About this exercise
All of the data must be output exactly, with every picture left out.

Information supplied
▬▬▬▬▬▬▬▬▬▬
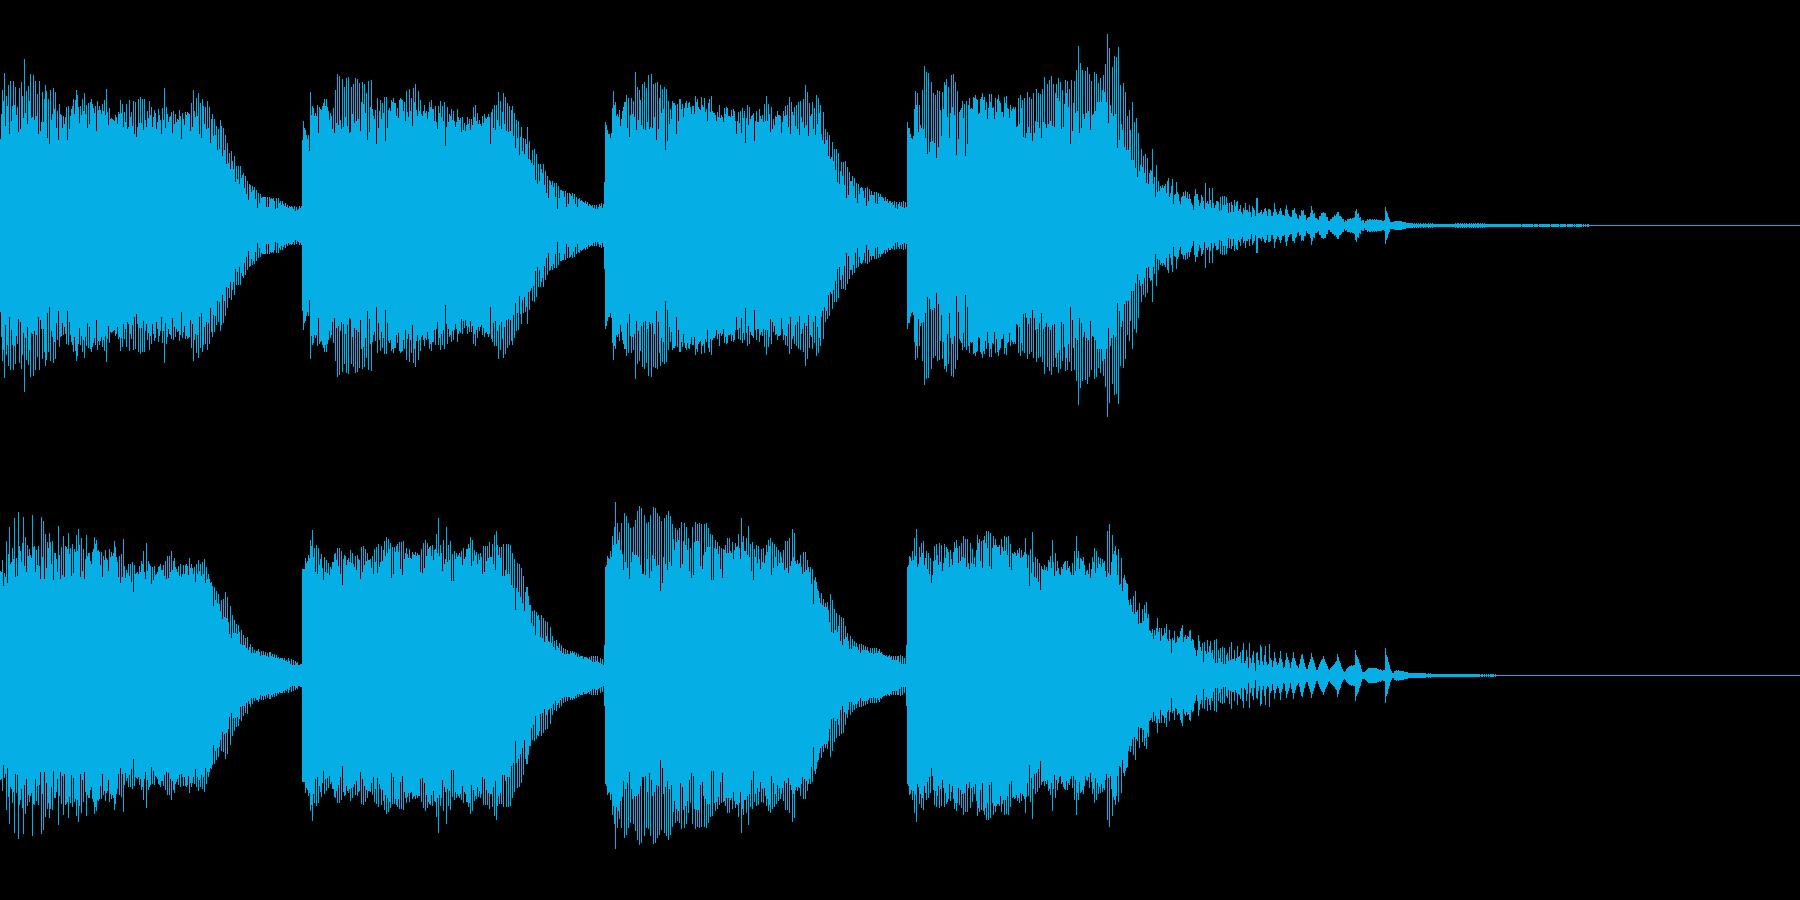 エラー・警告音の再生済みの波形
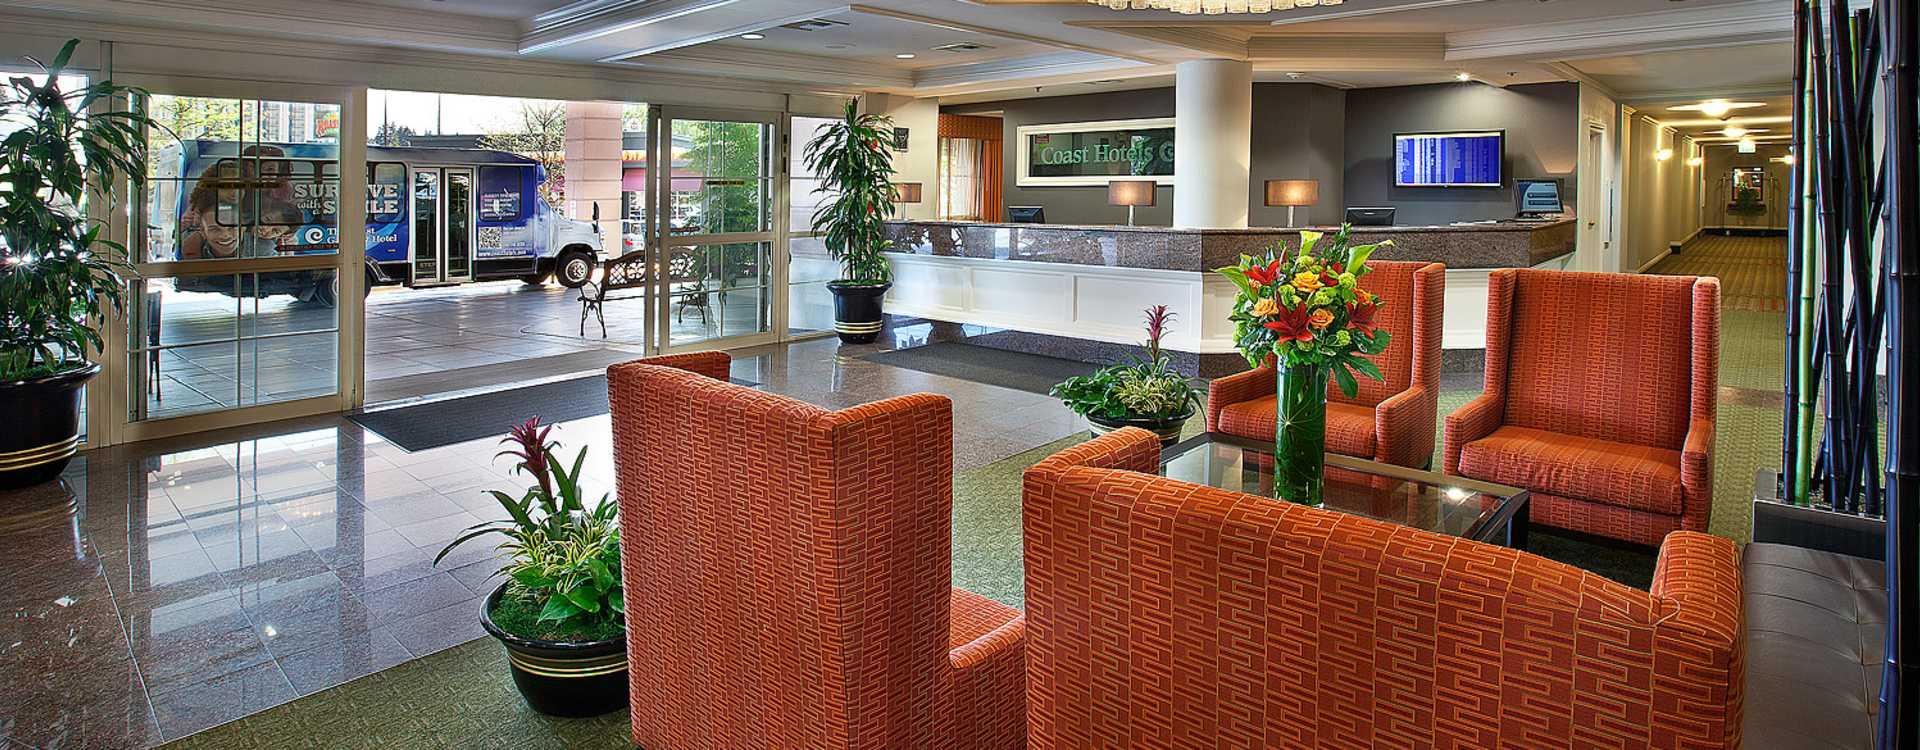 Coast Gateway Hotel Lobby
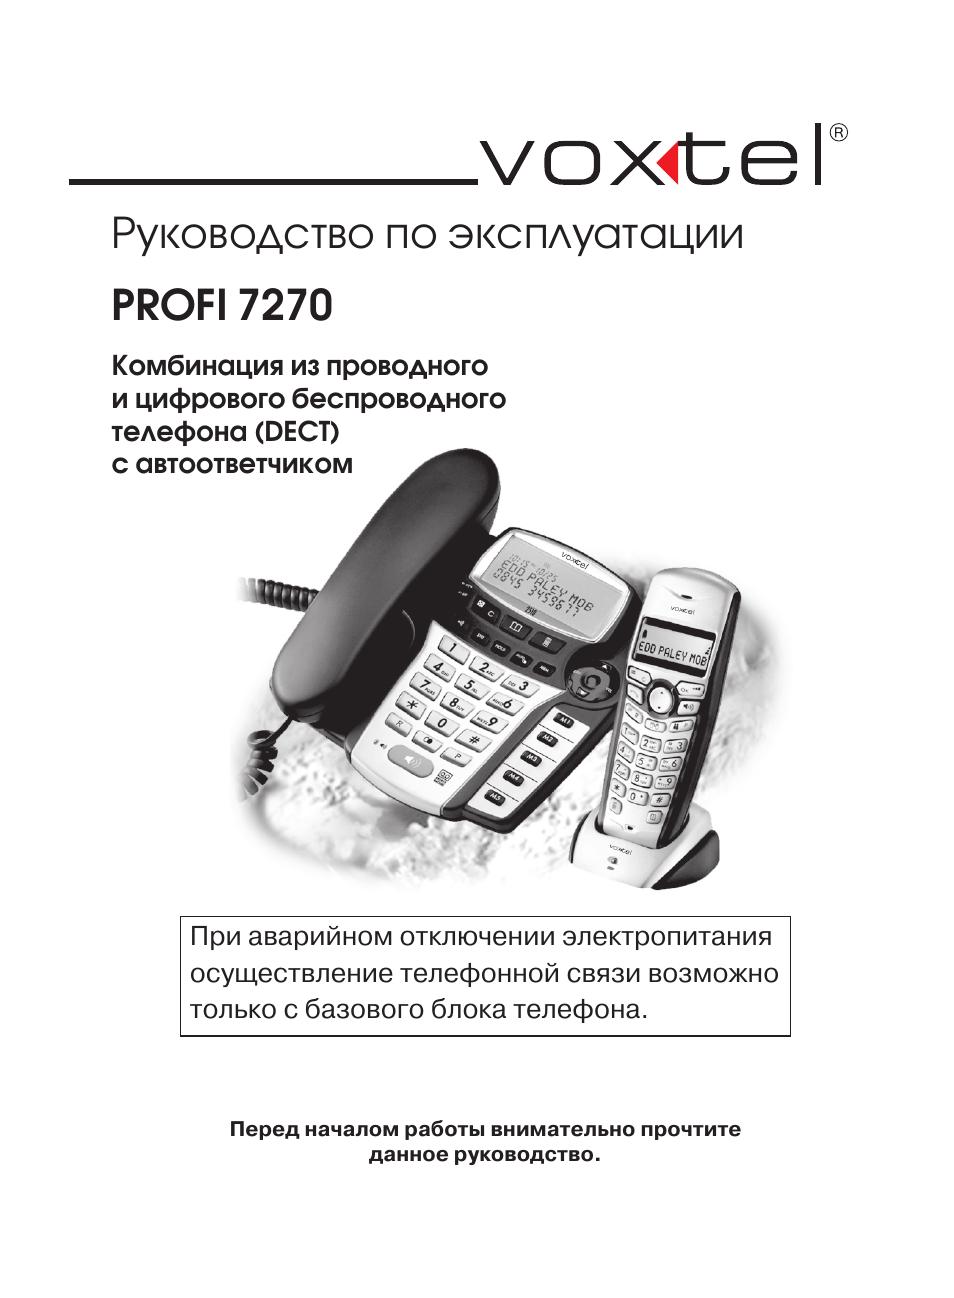 Инструкция voxtel profi 7270
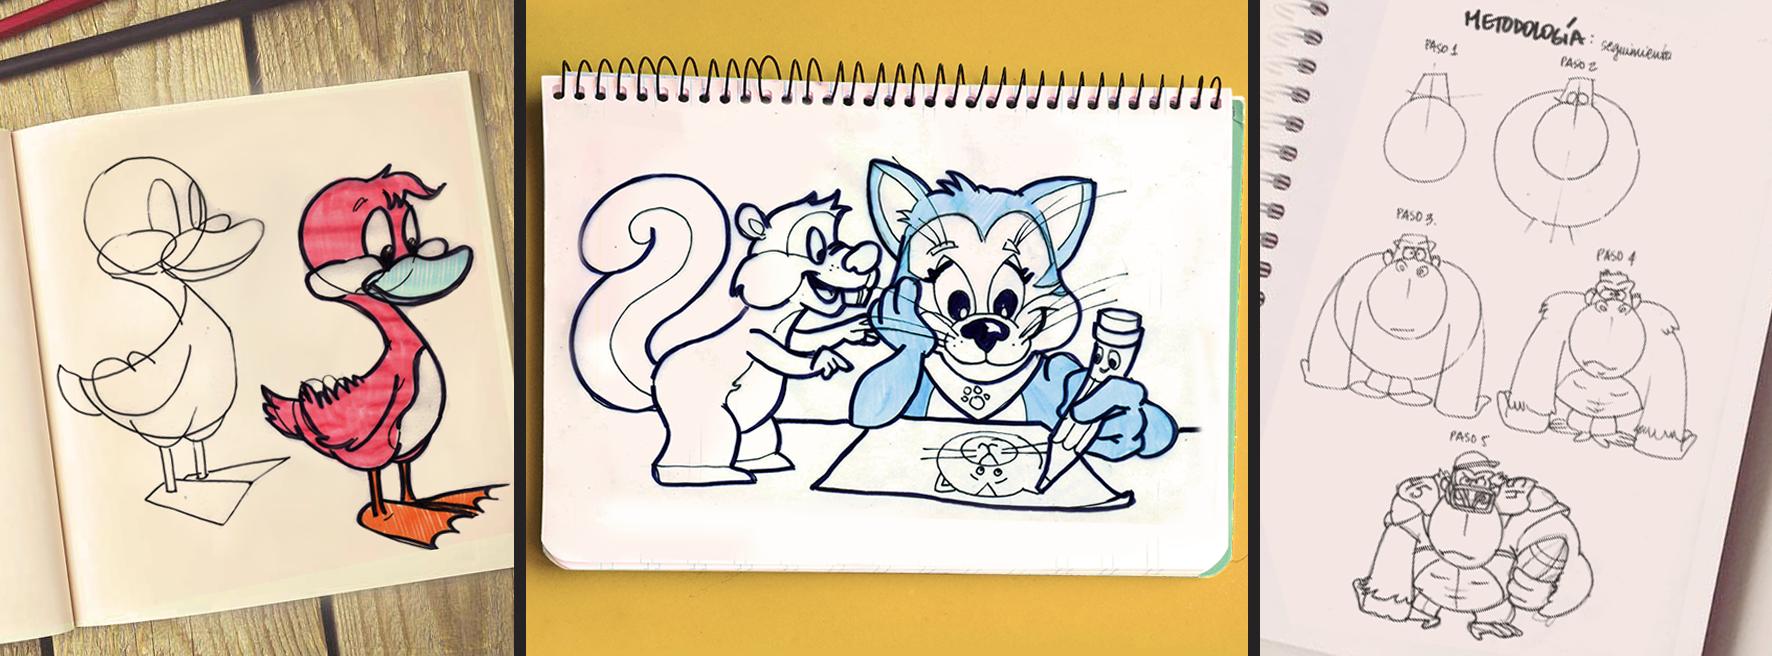 Banner Caricatura de animales para niños general Santa Gráfica online
▬▬▬▬▬▬▬▬▬▬
Exercise response
 エラー・警告音の再生済みの波形
 Coast Gateway Hotel Lobby
 Инструкция voxtel profi 7270
 Banner Caricatura de animales para niños general Santa Gráfica online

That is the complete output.